Taking a look at how the Firebase real-time database is structured, there are two main components: the mode, and the room. The room is appended with an unique room name and stores all changes that are made to the code editor. History is persisted until the end of the peer programming session. The mode stores the real-time language choice that both users have chosen. For example, if both users agree on Java, then the mode will similarly be persisted to the real-time database. This helps to ensure that both users are programming in the same language at any point in time of the peer programming session.

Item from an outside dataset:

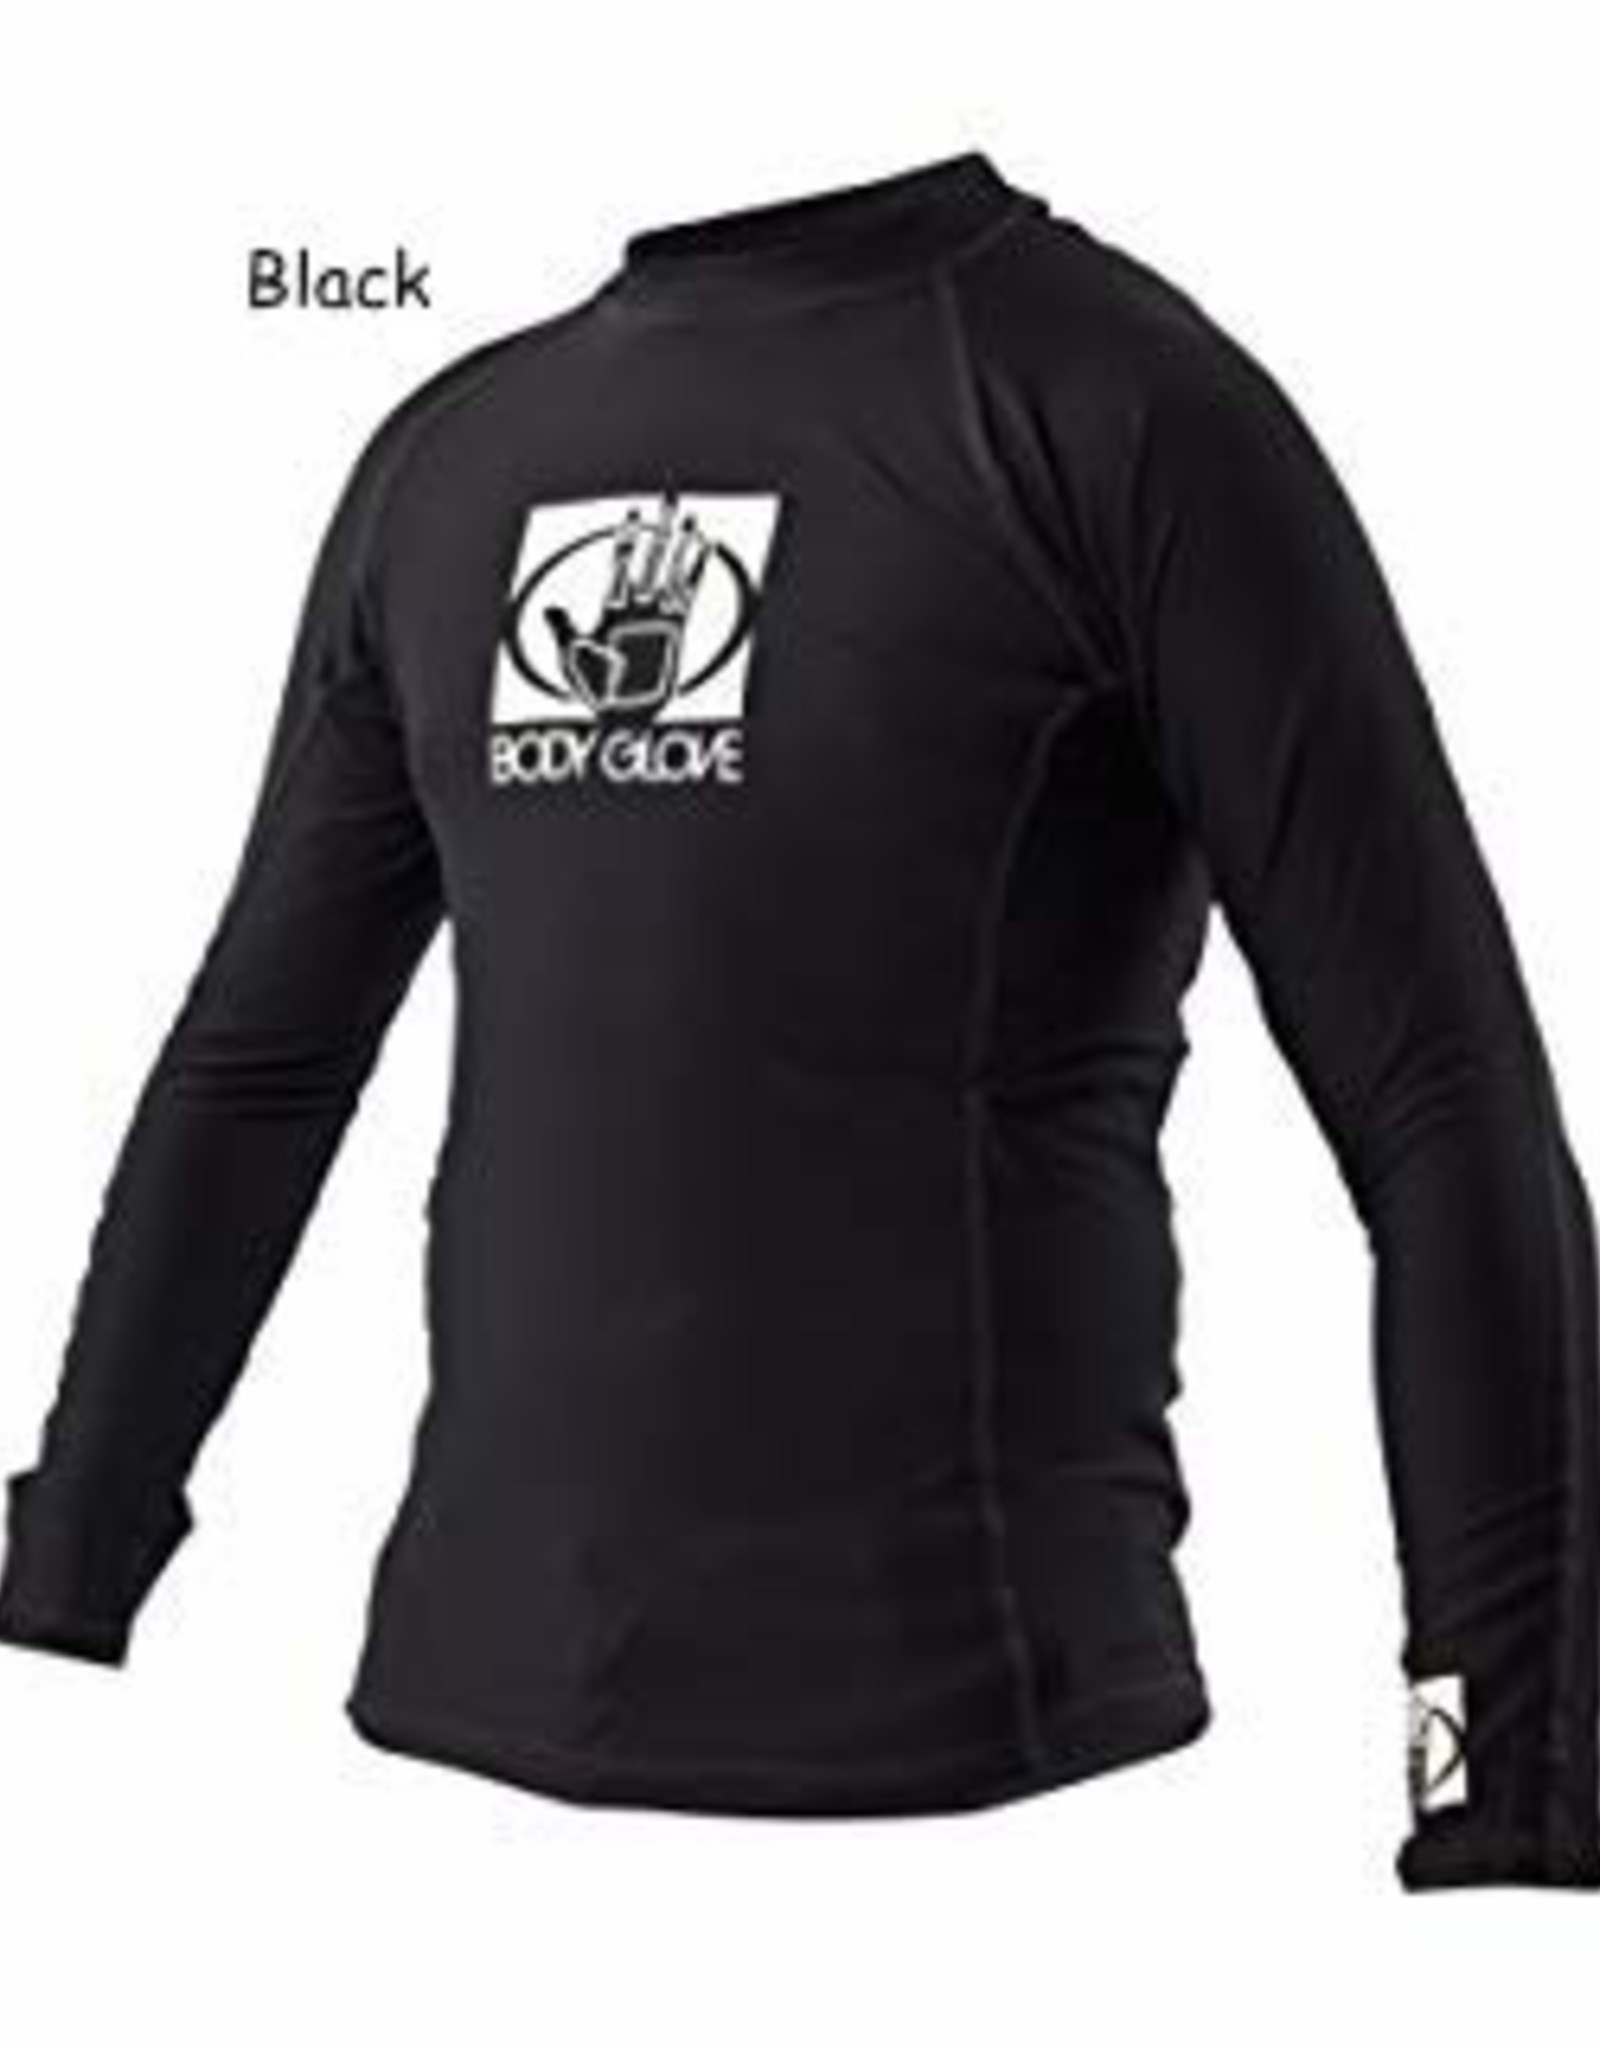 Body Glove Body Glove Men's Basic Long Sleeve Fitted Rashguard

Here, we can see how an update is propagated to all peers in real-time. Whenever there is a change in the contents of the code editor, the client’s code editor will capture a snapshot of its current state, before pushing it to the Firebase Real-time database. The same snapshot will then be pushed to observers that are subscribed to the same “room” (i.e. the other matched user) and replace the contents of his / her code editor. The same thing happens when the other user now makes a change to his / her code editor. Resultingly, both the selected modes, as well as the contents of the code editor are synced in real-time.
Wew support the following four language modes are supported on our CodeMirror editor. The default mode when users first begin their session will be set as Javascript. Users can toggle to change the language at any point in time, but the code editor will be reset (i.e. all written code will be lost).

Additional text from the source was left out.